* **Dataset**:
..........

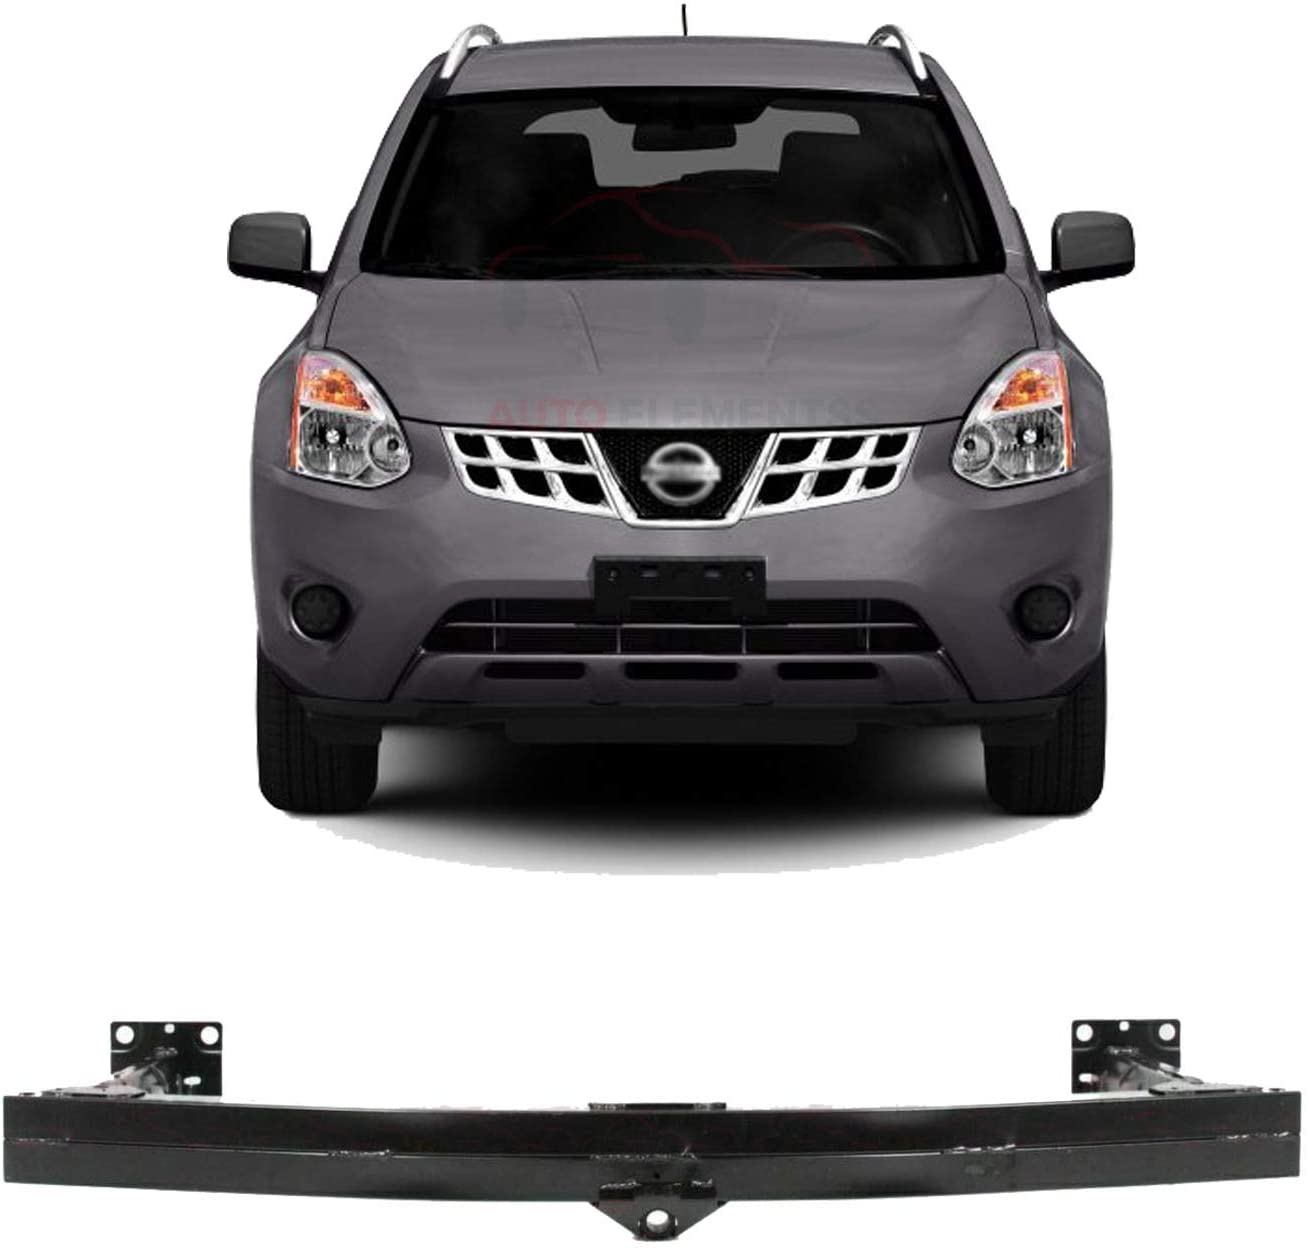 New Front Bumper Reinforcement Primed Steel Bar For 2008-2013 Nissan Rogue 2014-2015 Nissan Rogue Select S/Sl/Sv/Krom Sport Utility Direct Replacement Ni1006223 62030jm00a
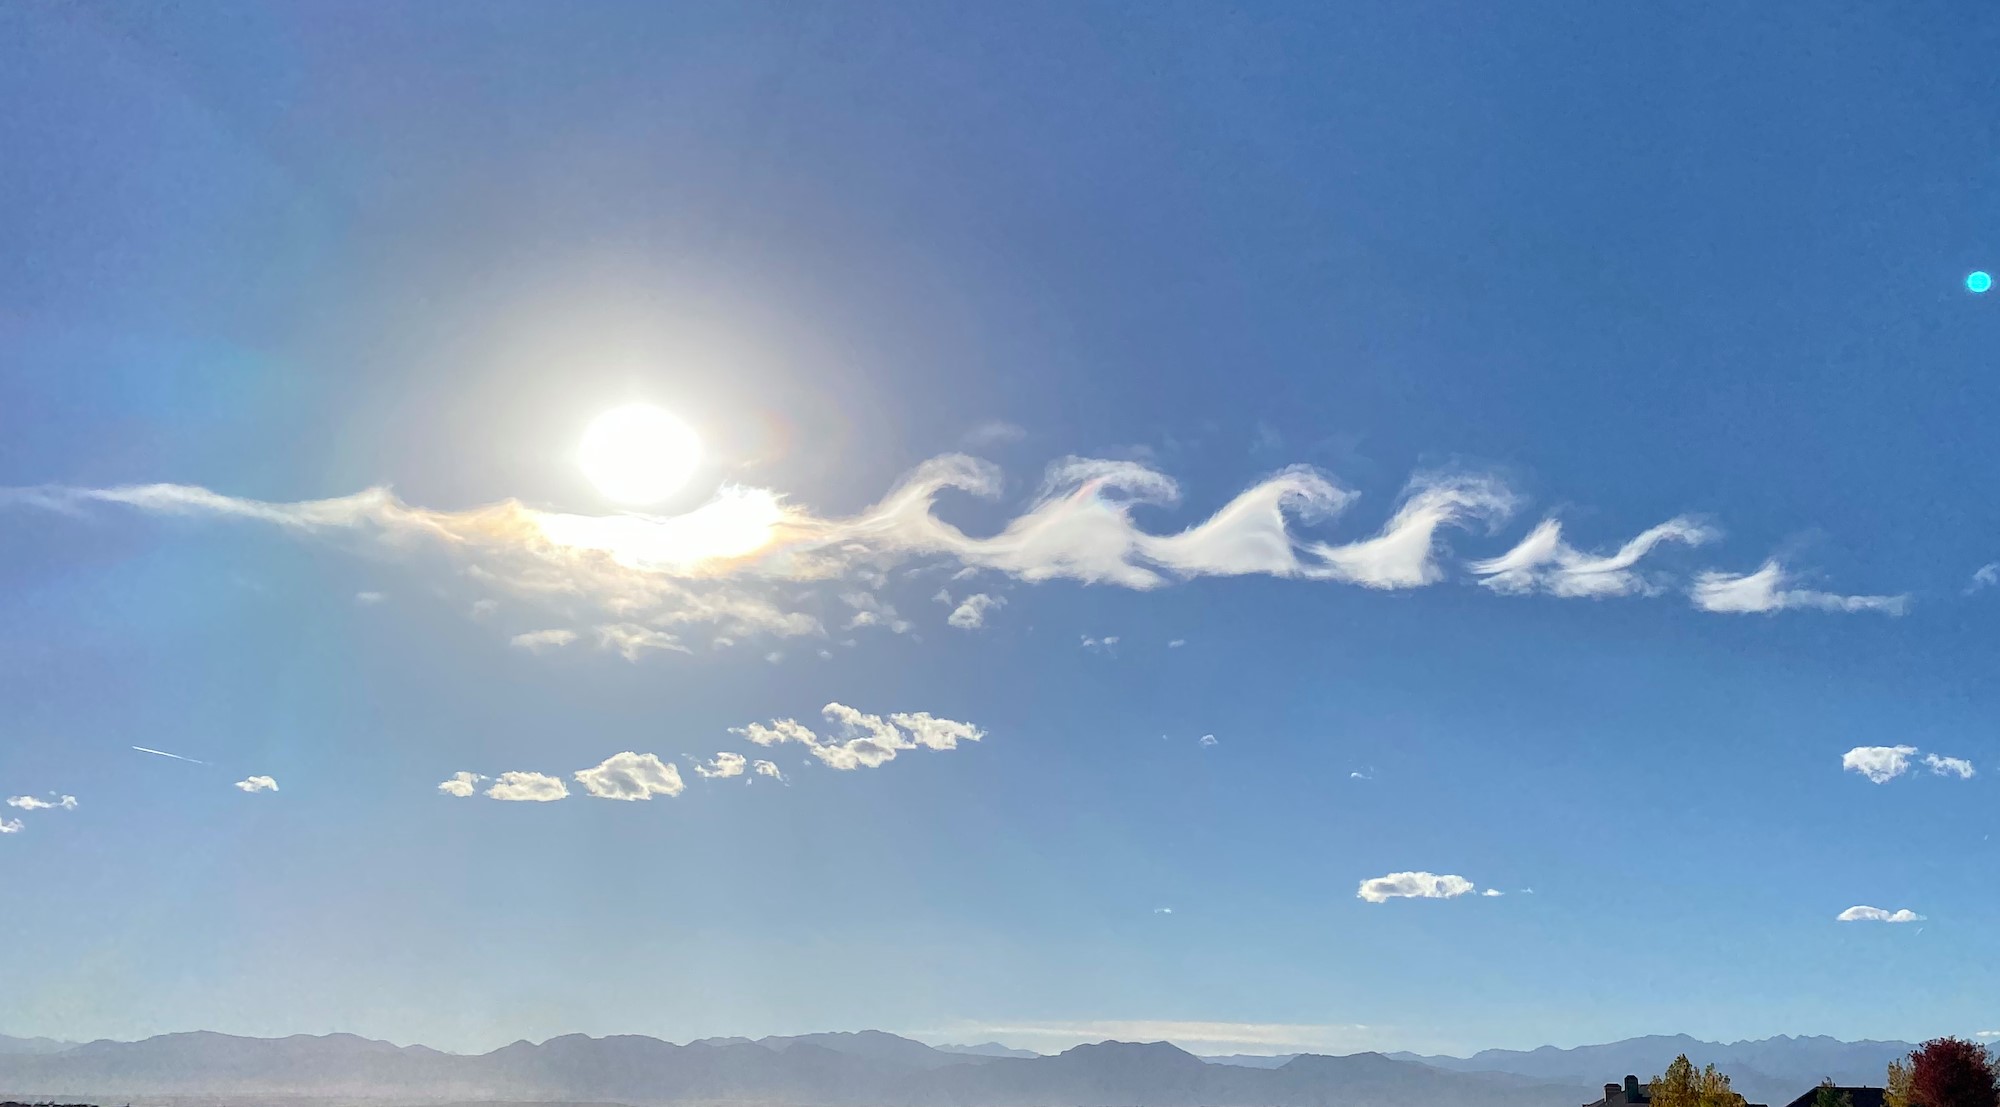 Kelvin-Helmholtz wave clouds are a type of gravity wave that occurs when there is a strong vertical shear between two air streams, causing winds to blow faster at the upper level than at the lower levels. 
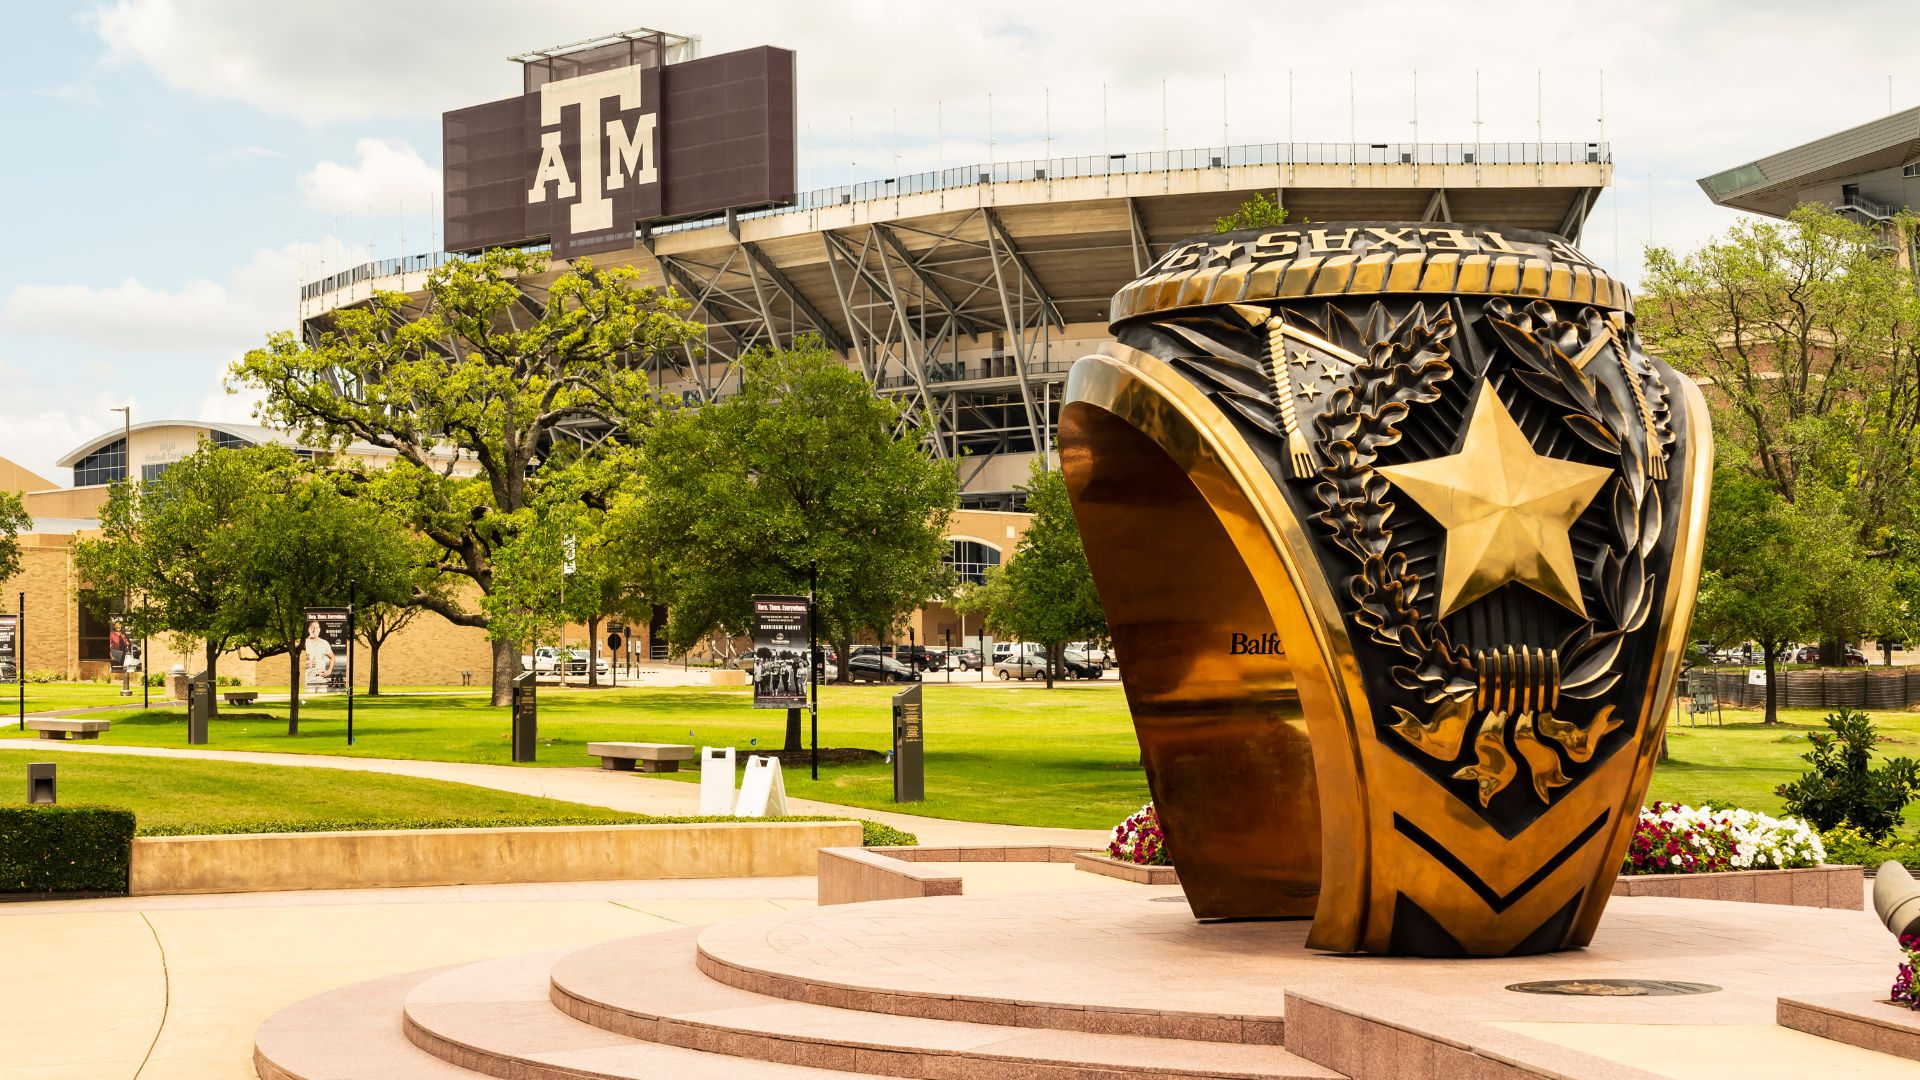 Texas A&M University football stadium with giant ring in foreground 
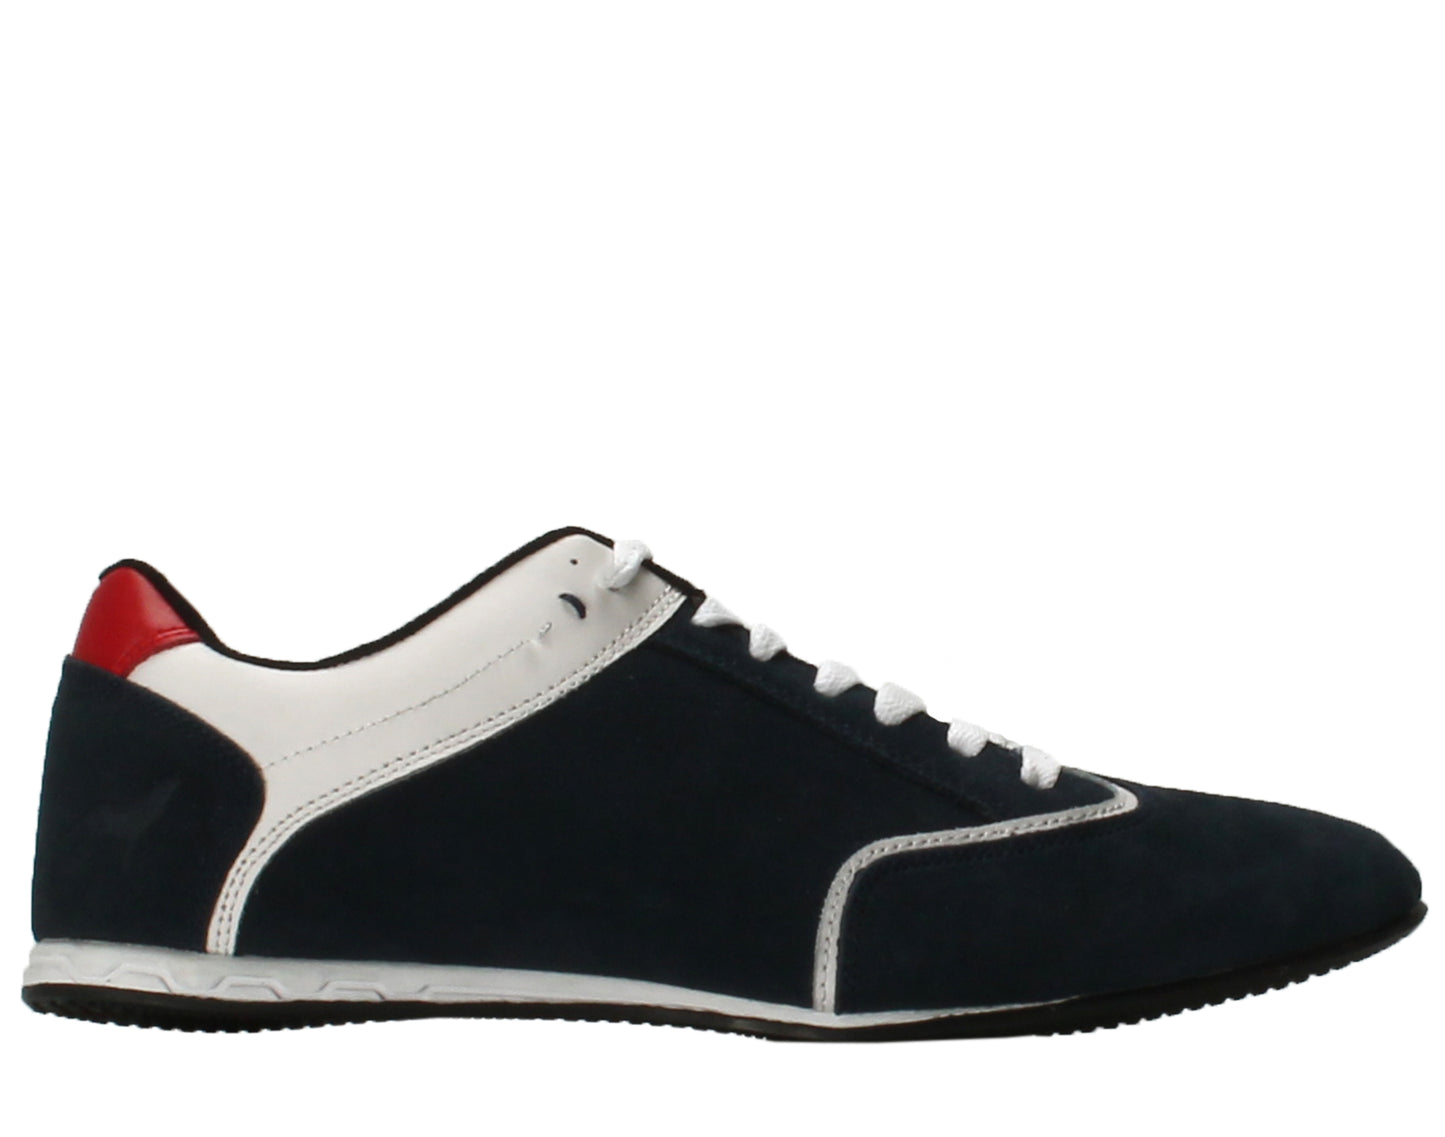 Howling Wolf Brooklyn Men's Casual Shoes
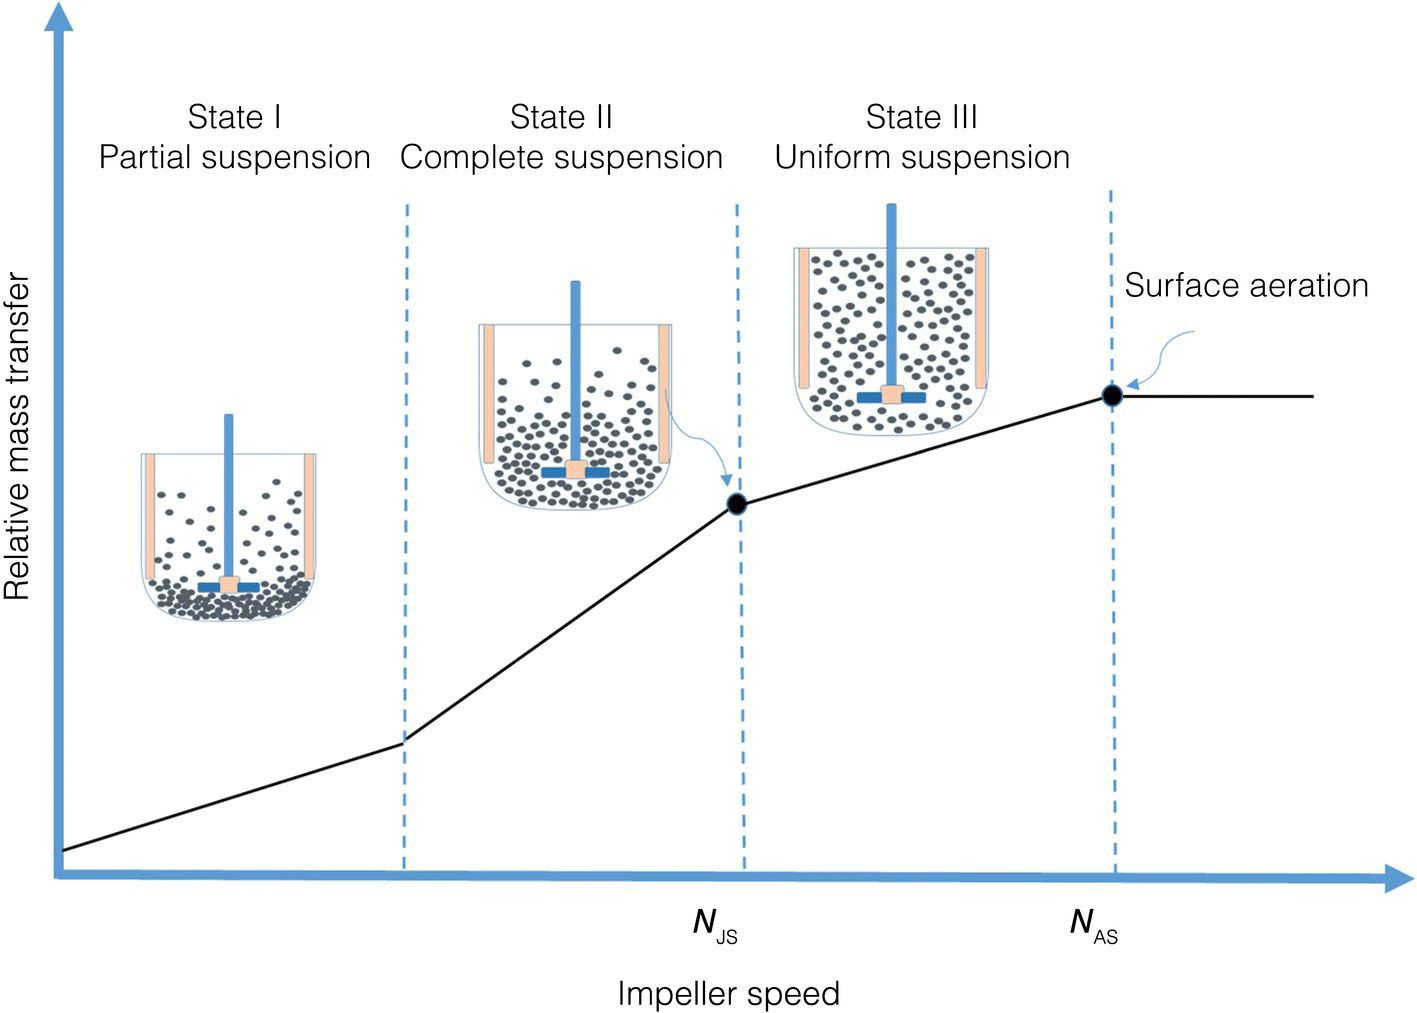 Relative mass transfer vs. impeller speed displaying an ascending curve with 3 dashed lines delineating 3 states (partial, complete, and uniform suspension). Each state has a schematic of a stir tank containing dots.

..........

* **Required action**:
The listing is to be repeated word for word, with all pictures omitted.

* **Problem solution**:
 New Front Bumper Reinforcement Primed Steel Bar For 2008-2013 Nissan Rogue 2014-2015 Nissan Rogue Select S/Sl/Sv/Krom Sport Utility Direct Replacement Ni1006223 62030jm00a
 Kelvin-Helmholtz wave clouds are a type of gravity wave that occurs when there is a strong vertical shear between two air streams, causing winds to blow faster at the upper level than at the lower levels. 
 Texas A&M University football stadium with giant ring in foreground 
 Howling Wolf Brooklyn Men's Casual Shoes
 Relative mass transfer vs. impeller speed displaying an ascending curve with 3 dashed lines delineating 3 states (partial, complete, and uniform suspension). Each state has a schematic of a stir tank containing dots.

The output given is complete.